IRIS, Impact Reporting & Investment Standards, is a reporting language developed under the auspices of the Global Impact Investing Network to encourage a common methodology for social impact reporting.


IRIS was designed for investors and organizations seeking investment. IRIS was born as a spinoff of an organization of investors and therefore reflects an impact investor’s perspective. It is useful to several types of investors including:

  • Investors in funds that may or may not focus on social investment
  • Direct investors in companies
  • Companies raising capital

One could also make the case for additional use of IRIS metrics by exporters seeking to participate in global supply chains.


  • Organization Description – the organization’s mission, business model, and location
  • Product Description – description or the organization’s products, services, and target markets
  • Financial Performance – standard financial statements and ratios plus other metrics related to micro enterprises and community service
  • Operational Impact – metrics that describe the organization’s policies, employees, and environmental impact; this is where sustainability is measured as well as other social metrics such as diversity
  • Product Impact – the performance and reach of the companies products and services; these metrics address the extent to which the venture contributes to the local or national economy and to quality of life indicators

The IRIS website also contains a glossary of terms used in impact measurement.


Most IRIS metrics are relevant to the organization across sectors. Some have particular relevance to organizations whose activities impact a certain sector.

IRIS identifies eight specific impact sectors:

  • Agriculture
  • Education
  • Energy
  • Environment
  • Financial Services
  • Health
  • Housing/Community Services
  • Water

IRIS is a useful tool for measuring social impact in a developing country context. International organizations and development financial institutions such as the International Finance Corporation often require companies seeking funding to show the economic, social and or environmental impact of their venture.
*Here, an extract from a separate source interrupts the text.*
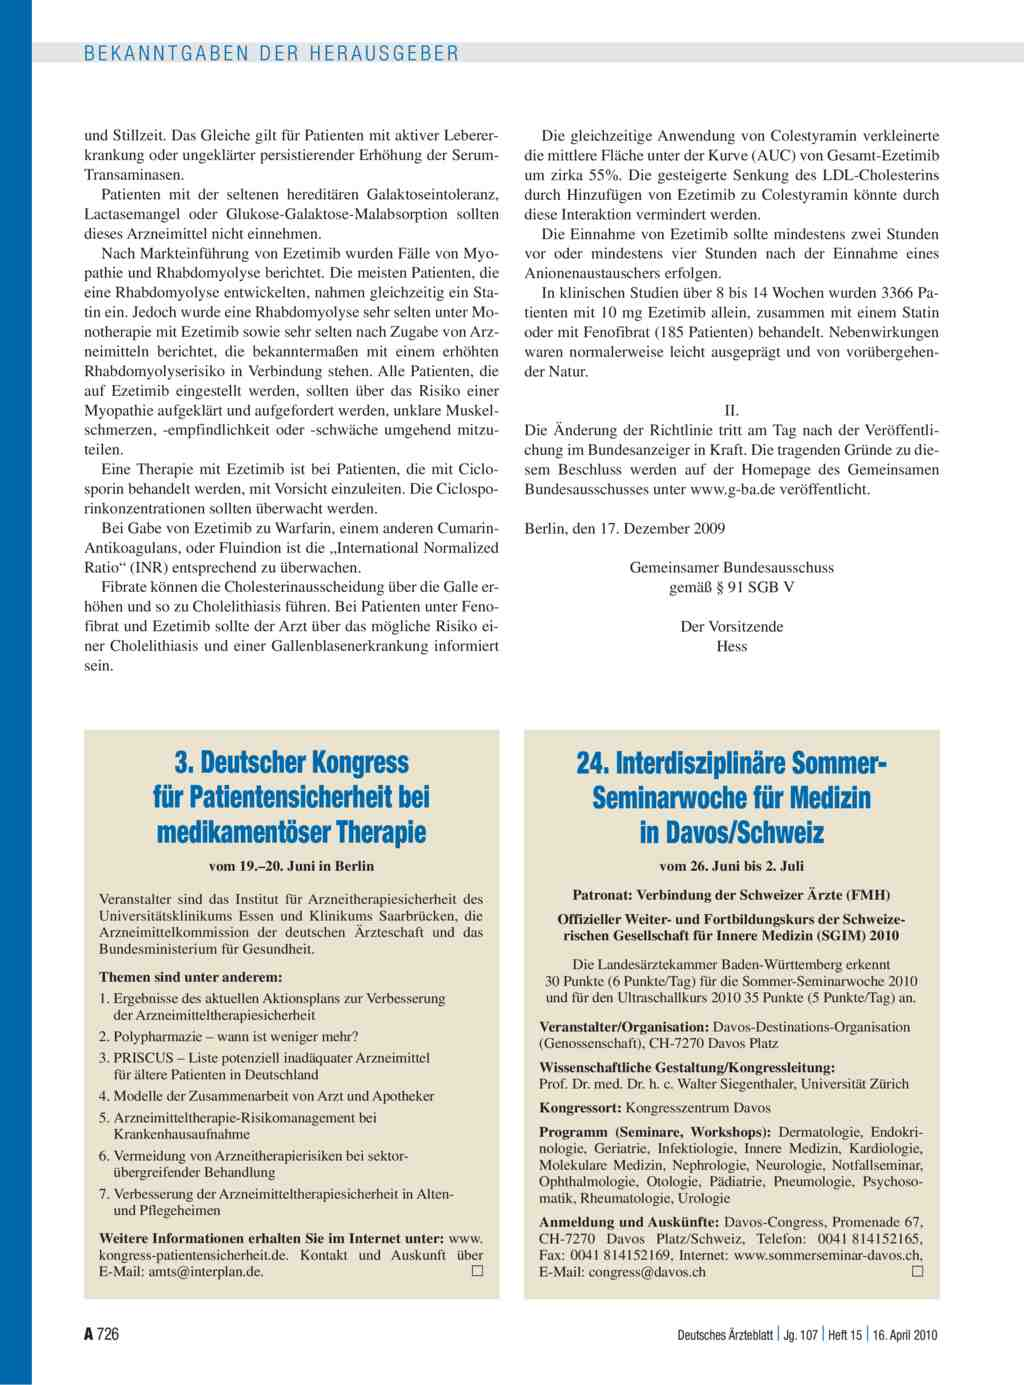 24 interdisziplin re sommer seminarwoche f r medizin in for Medizin studieren schweiz

IRIS can be used for making the case for investment in a given company, product or service, or project, even when it does not maximize returns on a purely financial basis. It is also useful for tracking progress against goals and reporting to stakeholders.

I would encourage all businesses operating in emerging and frontier markets to begin measuring the sustainability and social impact of their activities. This is especially true for exporters. These indicators are growing in importance not only for investors, but also for larger corporate and government buyers facing pressure to demonstrate corporate social responsibility. These companies will look to their supply chains to help boost their CSR scores. If the expertise does not exist in-house, seek out professionals with the technical and financial expertise to get the job done.